It's Only Soul-Rotting Garbage, But You Like It
On the civilizational catastrophe that is rock and roll.
Yeah, I’m saying it. Rock and roll, pop music, the youth soundtrack that begins with Bill Haley rockin’ around the clock in 1954 and ends with 60-IQ ghetto cretins jabbering about 60-IQ ghetto pastimes over electronically generated bongo beats...all of it, the whole fucking shooting match—the Beatles and Michael Jackson and Nirvana included—was and is a total, absolute, inexcusable waste of human energy. And not just a waste; about as sane and productive as trying to knock down a brick wall with your forehead.
Not that popular music wasn’t idiotic before a youth-targeted industry came into existence. In the early days of recorded sound there were standout pieces of retardation such as “Yes! We Have No Bananas,” or, I don’t know, “Chattanooga Choo Choo.” And there were, of course, the dry-runs for the rock and roll movement—ragtime, jazz, swing, etc. And none of it was a whole lot better, substance-wise, than Black Sabbath or Taylor Swift. But the genres and particular offerings had relatively limited destructive power, because they weren’t specifically engineered to infect the soft cerebrums of adolescents. Prior to the 1950s, that is to say, teenagers didn’t have their own exclusive cultures and soundtracks.
And this isn’t an “old man yells at cloud” situation. Well, it is, but with the qualification that I was there, man. I played in atrocious bands and dressed like a jackass and had a mohawk and shaggy hair and greased-up hair to represent the musical genres I thought were meaningful in various periods. I lived the soundtracks, and for my trouble I got zilch—that is, zilch in the positive column.
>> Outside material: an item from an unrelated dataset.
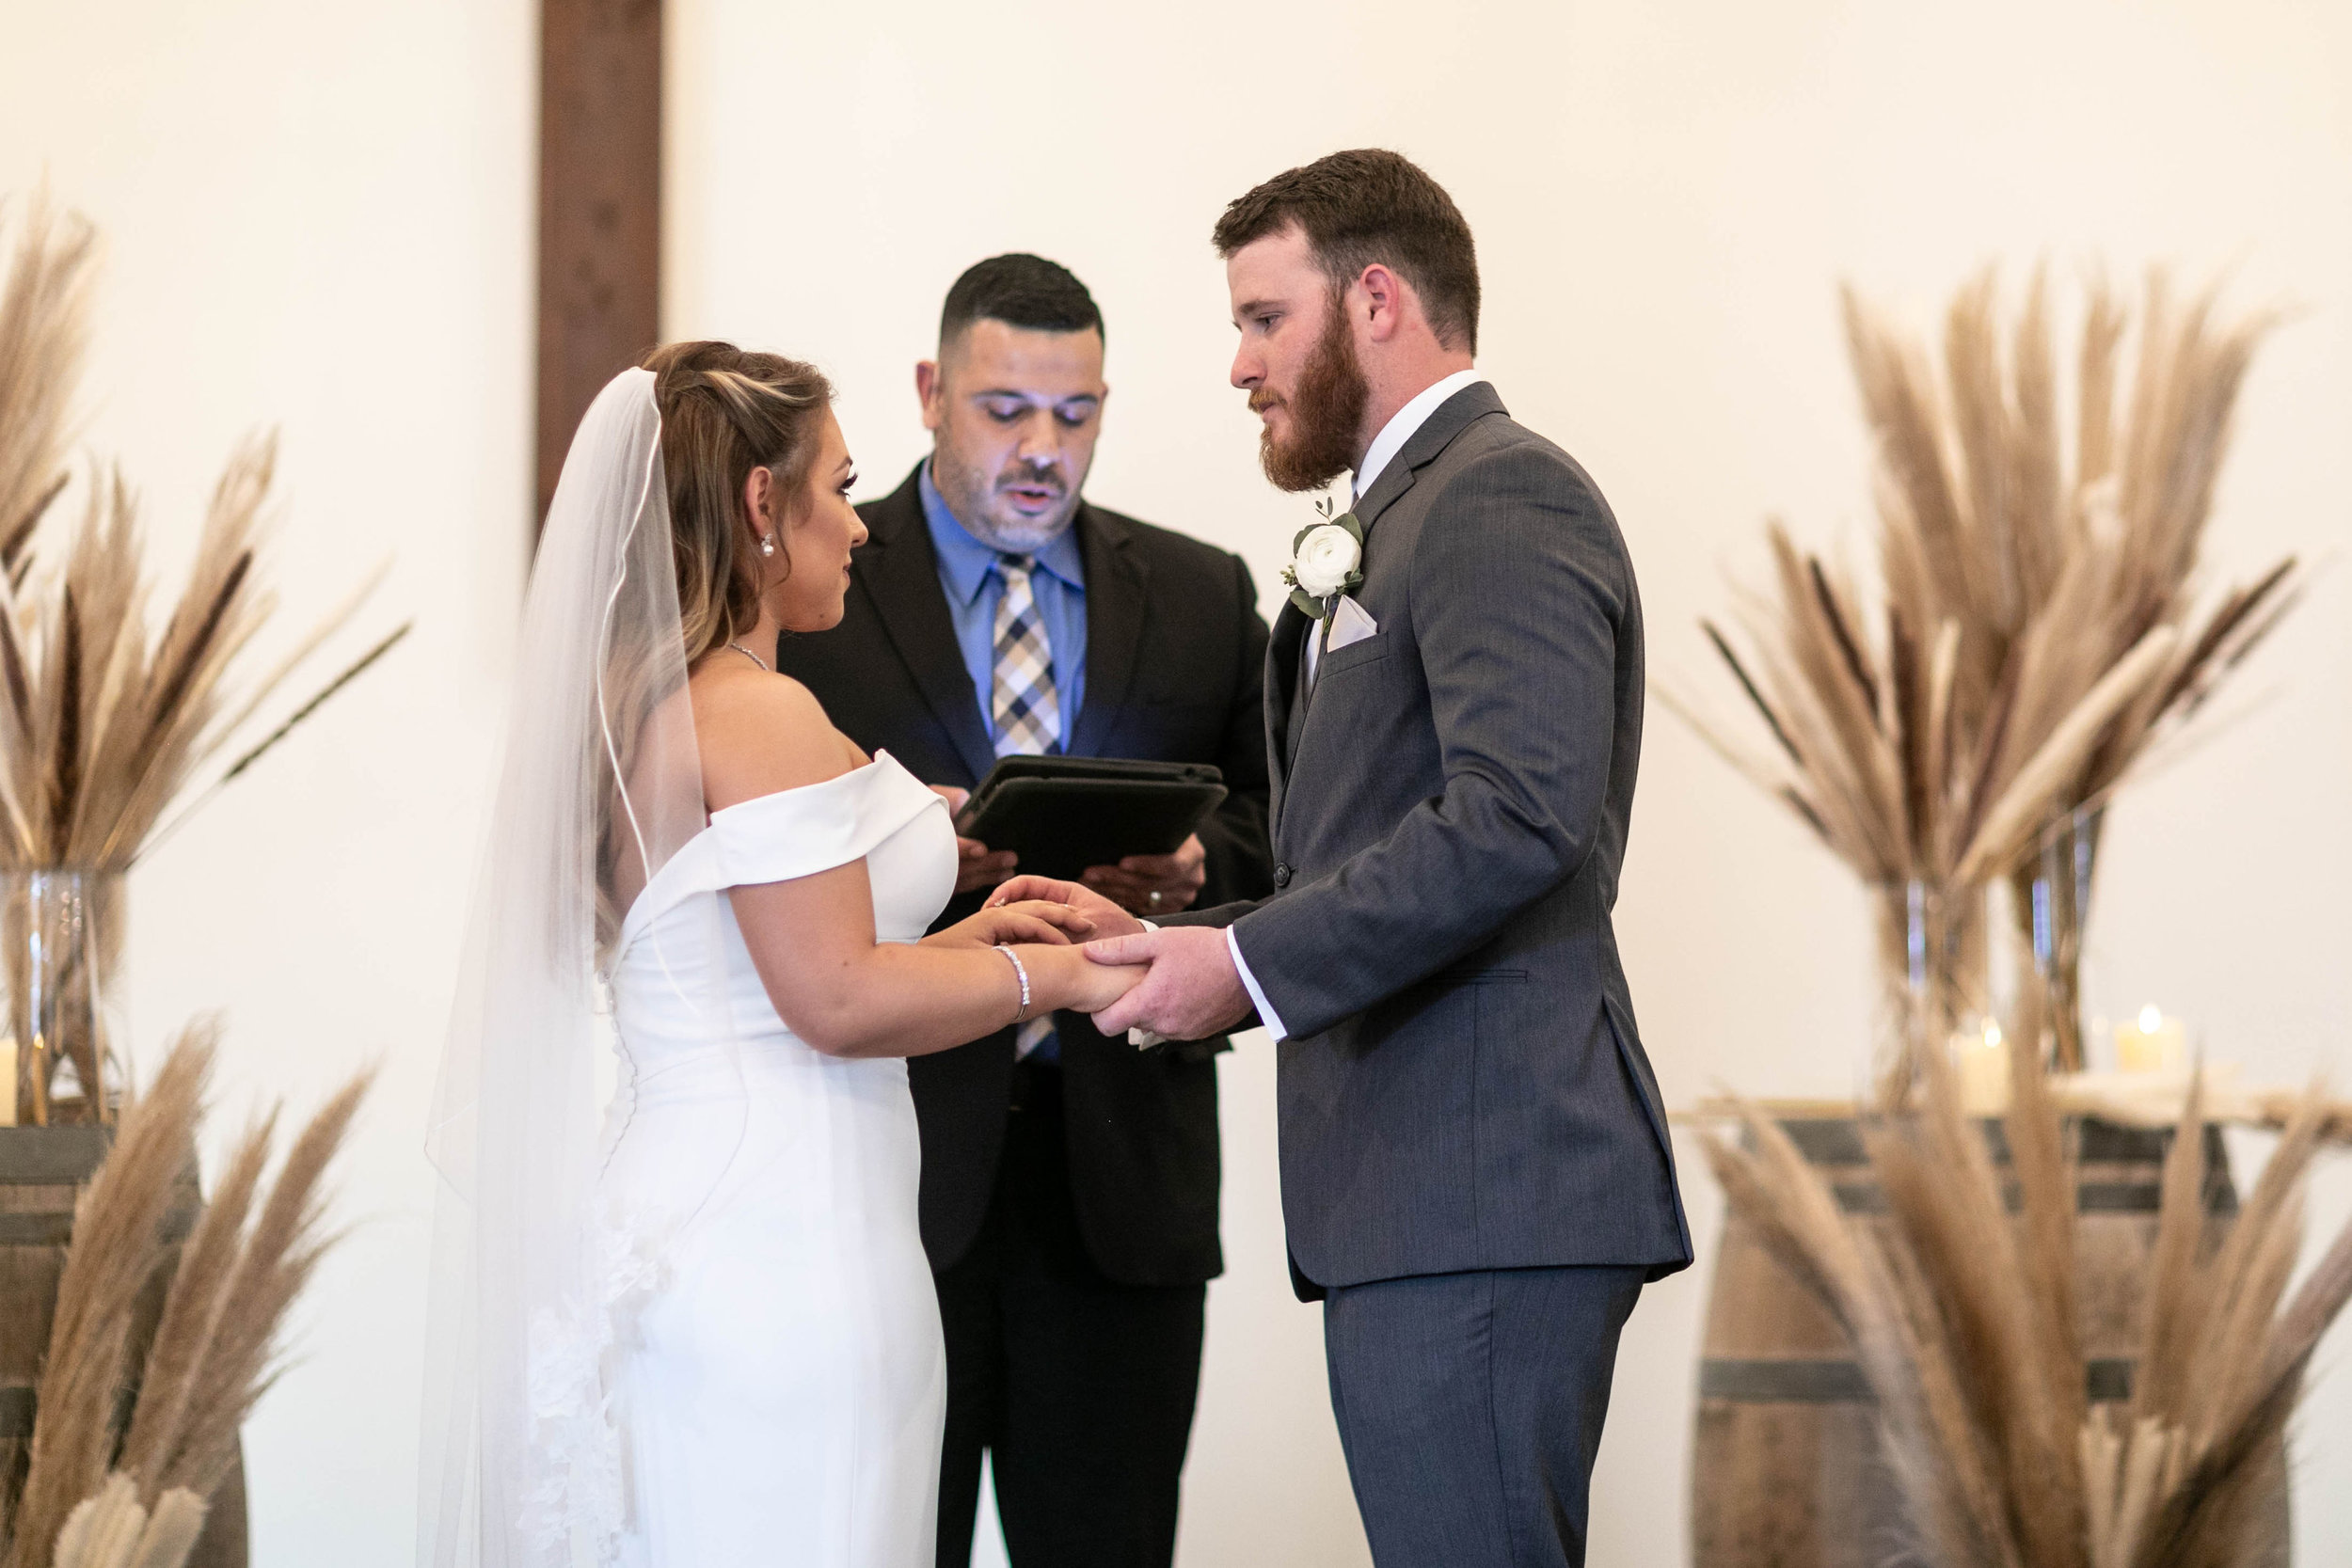 Bride and Groom Ceremony | The Vine | Austin Planner

I got trapped in psychological adolescence, and I got a smokescreen of puerile insights obscuring anything that might have actually nourished my mind and soul. I speak to you as one who happens to have crawled out, more or less intact, from this cultural train wreck.
If you think I exaggerate, test my thesis under extreme conditions. Consider rock and roll at arguably its most innocent and artful—consider the early Beatles. At best you can say the Fab Four were, in that first flush of fame, not obviously toxic. They specialized in the production of commercial jingles...harmonized and sanitized celebrations of teenage horniness. Philosophically speaking, songs like “I Want To Hold Your Hand” and “She Loves You” offered about as much to adolescent fans as a sneak-peek at Dad’s stash of Playboys...and for teenage girls the Beatles represented what? Unhinged, hormone-fueled idol worship. And what was this bland boy-band a gateway to? Within a few short years of their arrival on the scene, their fans were smashed on LSD and pot, dressed like gypsies and hobos, dancing like Zulus on mate-selection night.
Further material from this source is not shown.